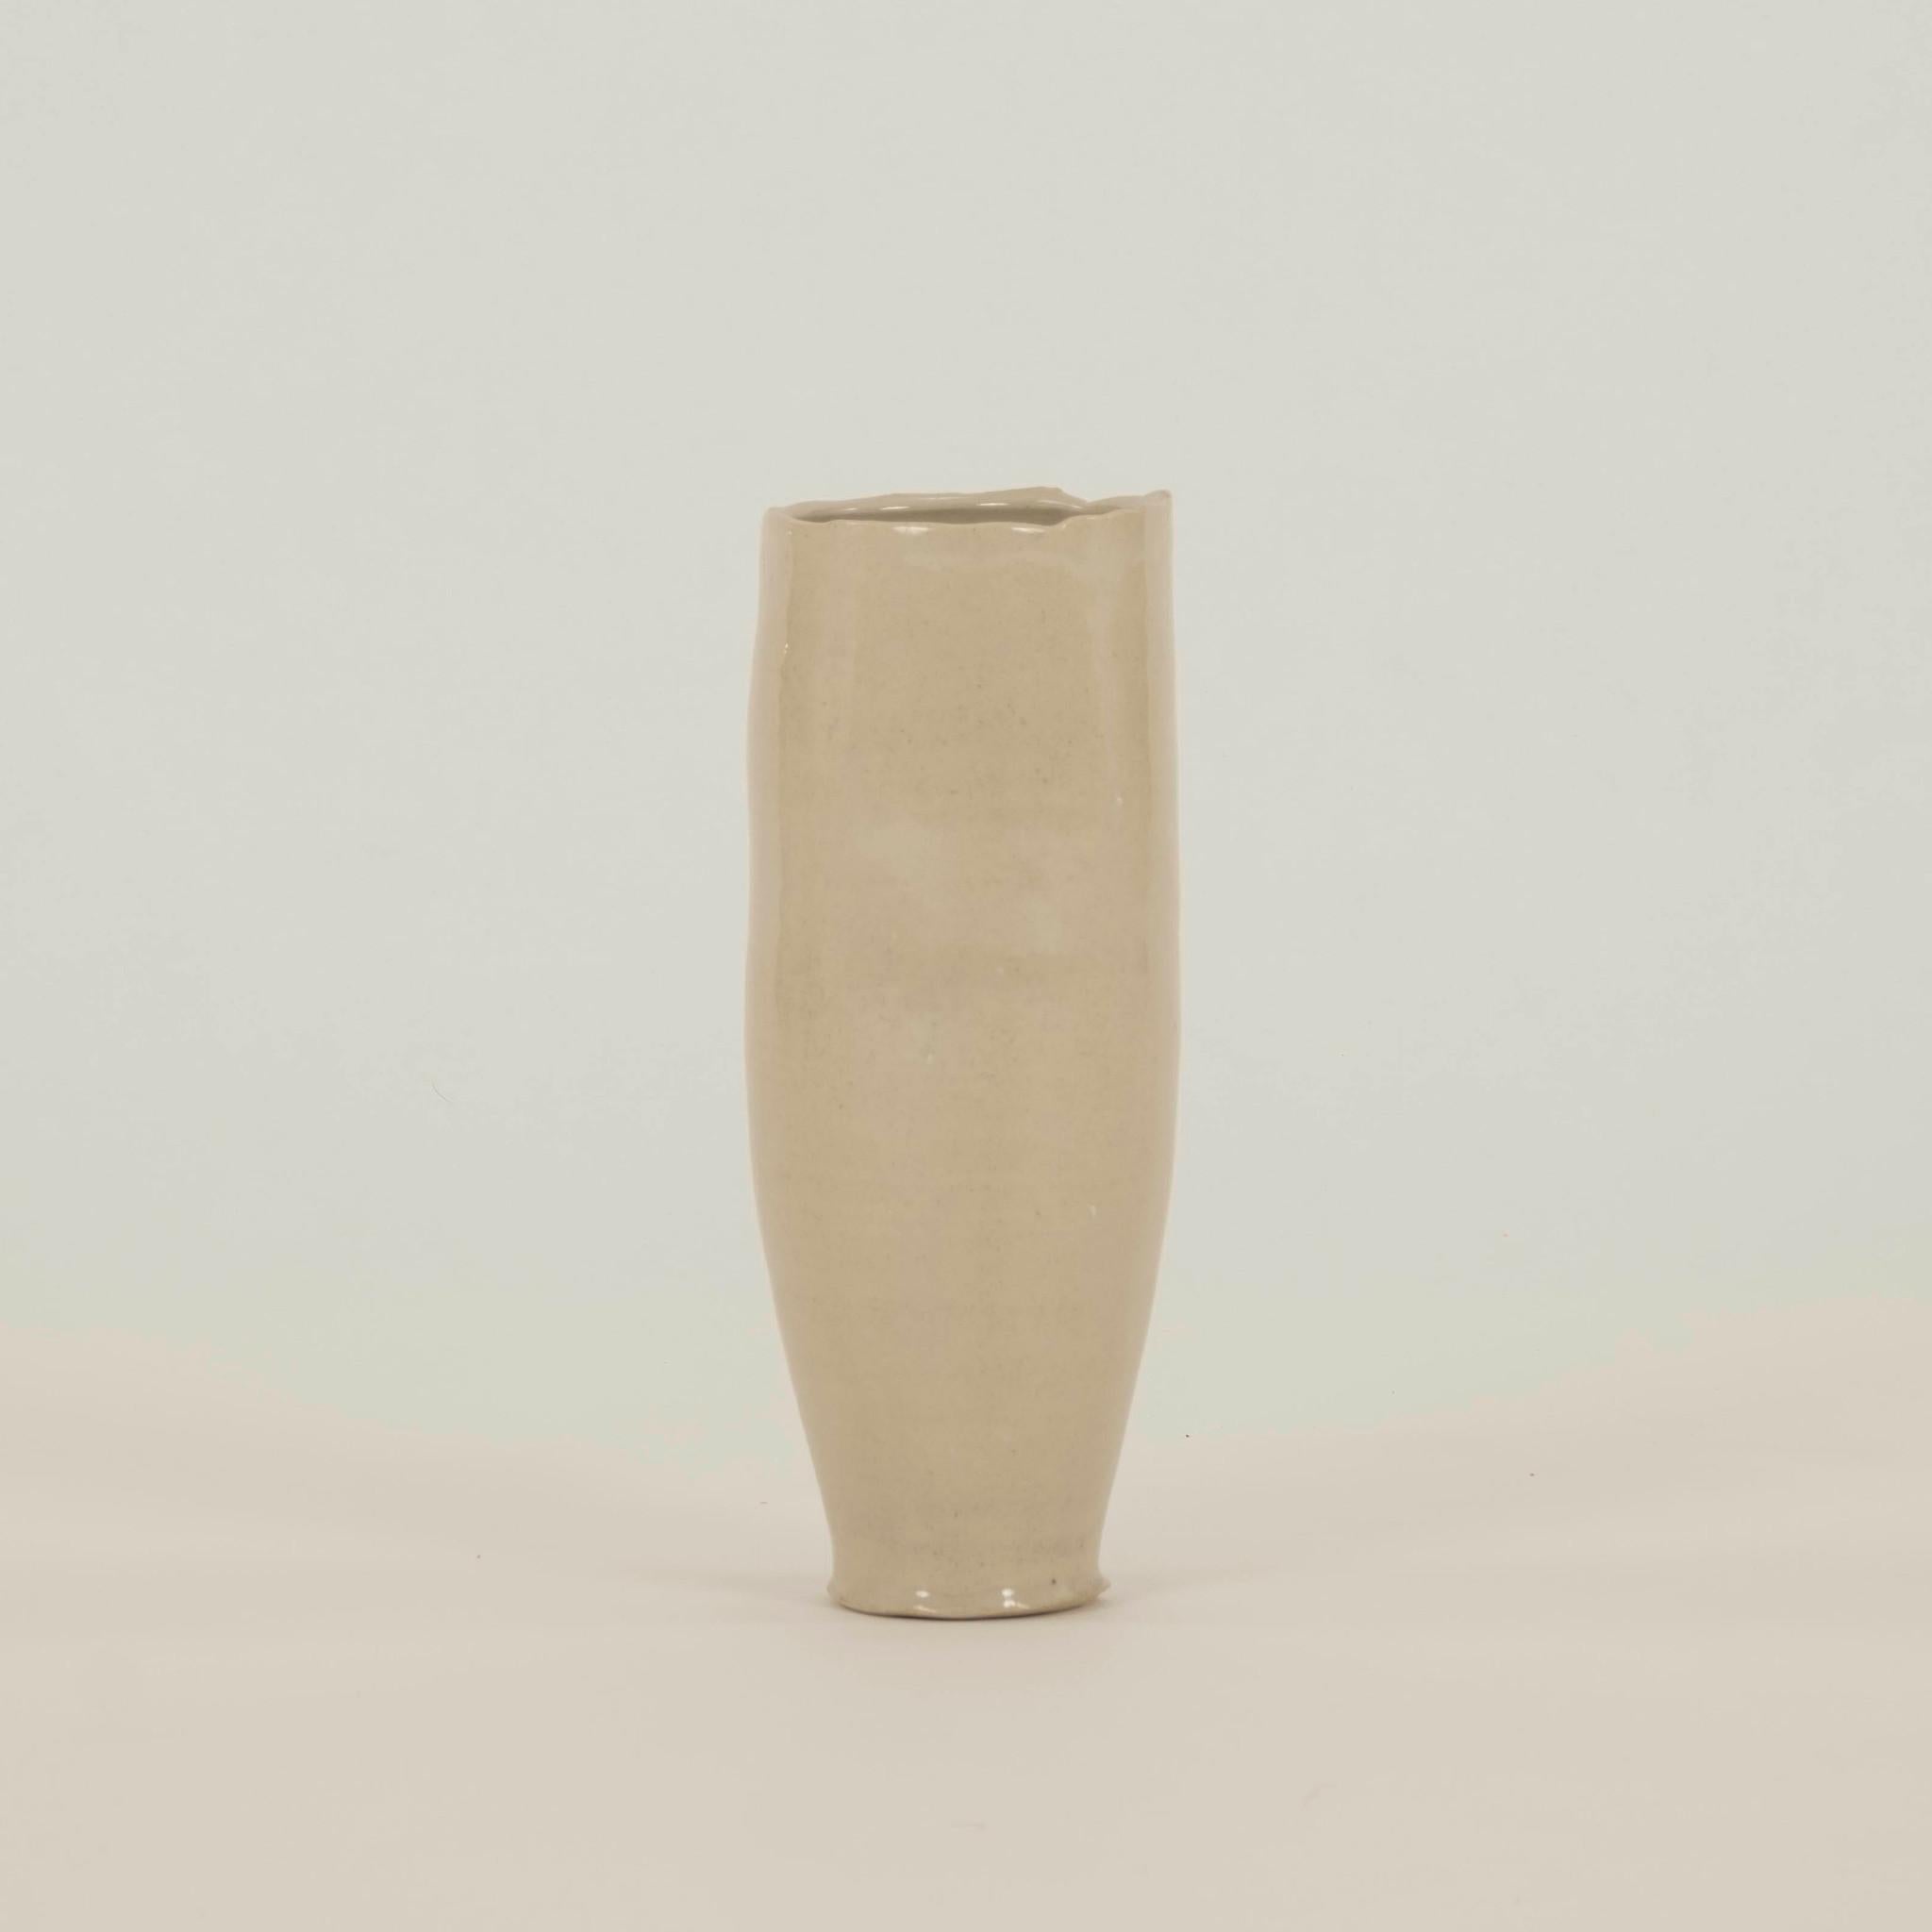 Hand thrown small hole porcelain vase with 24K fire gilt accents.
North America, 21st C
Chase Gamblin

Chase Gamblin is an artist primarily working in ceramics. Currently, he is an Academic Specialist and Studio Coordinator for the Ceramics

=====

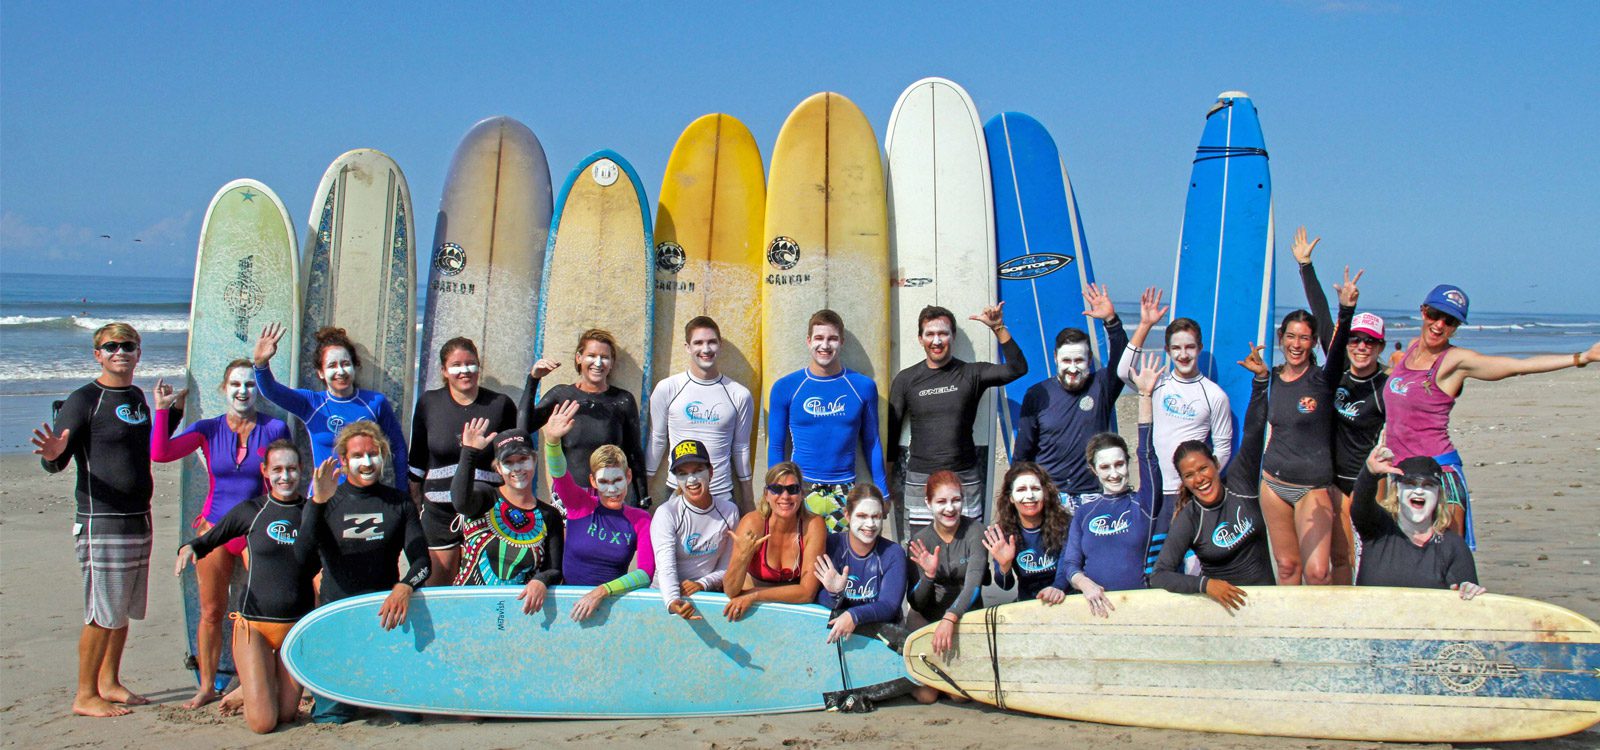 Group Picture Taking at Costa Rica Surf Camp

=====

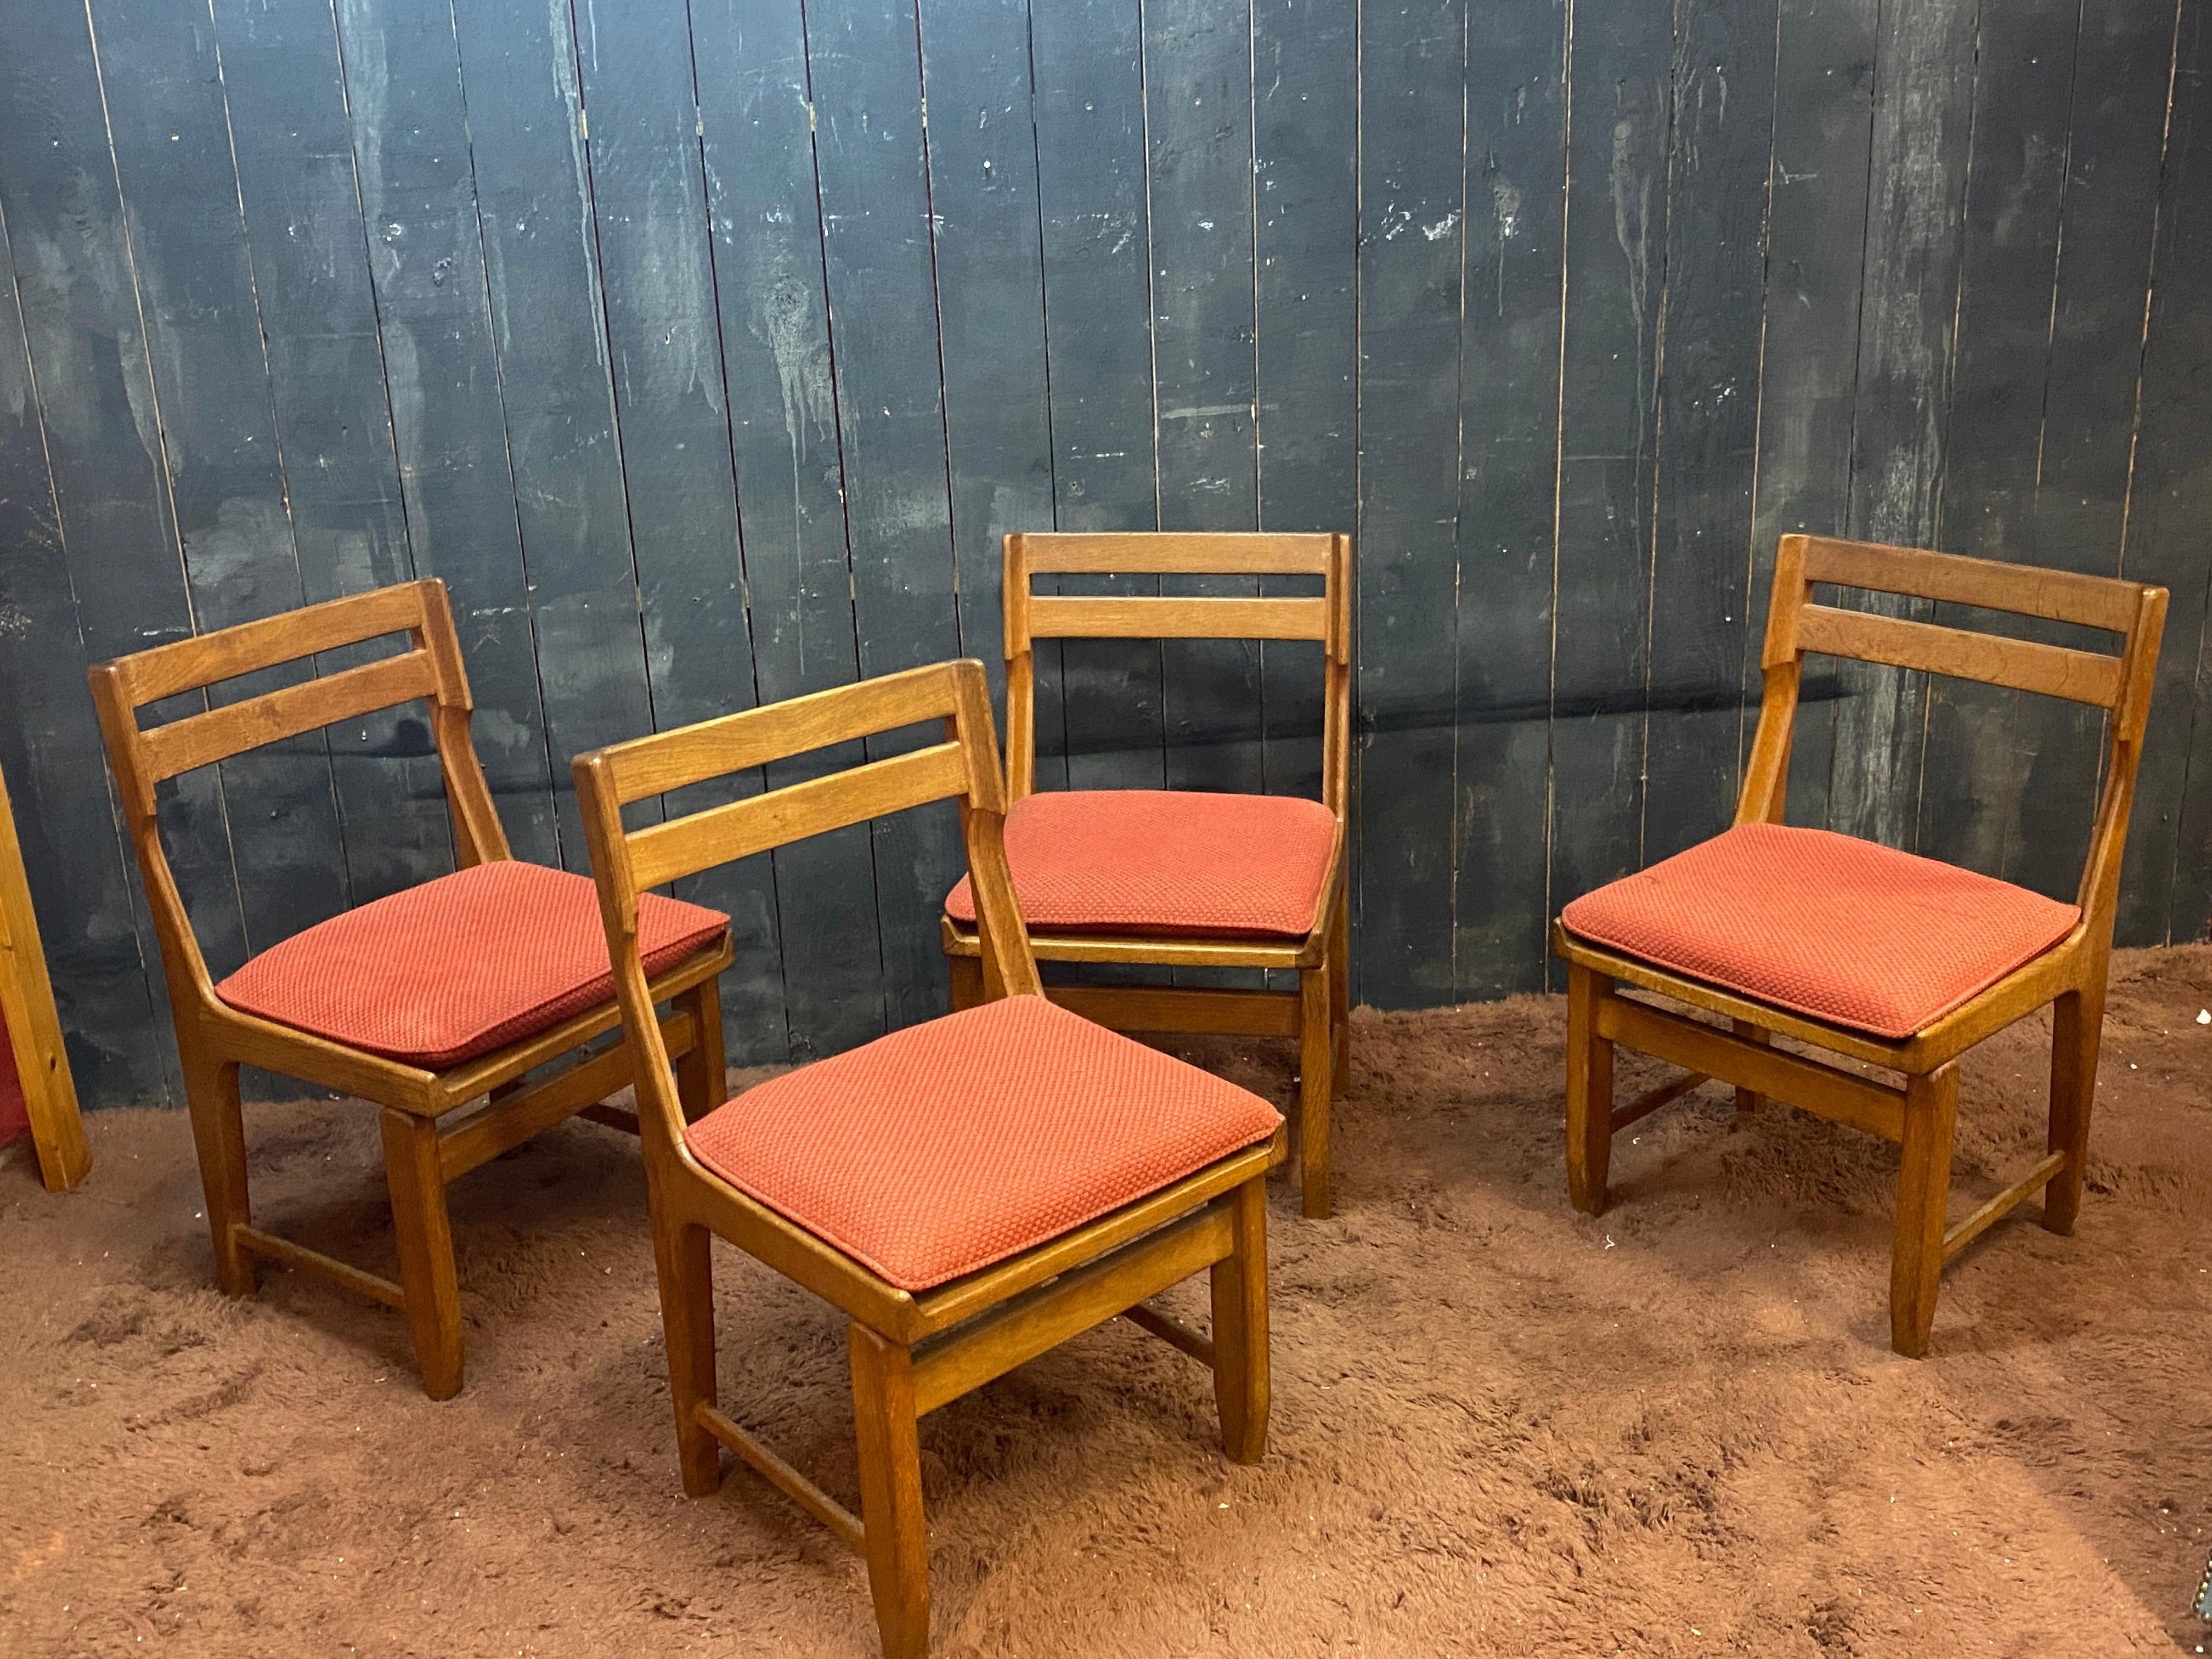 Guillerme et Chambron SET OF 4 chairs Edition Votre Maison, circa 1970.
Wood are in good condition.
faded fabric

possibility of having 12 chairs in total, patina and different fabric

=====

### Work order
Copy out the lines above from the line containing "Hand thrown small" through the line containing "Chase Gamblin is", exactly, and keep the pictures out.

### Answer box
 Hand thrown small hole porcelain vase with 24K fire gilt accents.
North America, 21st C
Chase Gamblin

Chase Gamblin is an artist primarily working in ceramics. Currently, he is an Academic Specialist and Studio Coordinator for the Ceramics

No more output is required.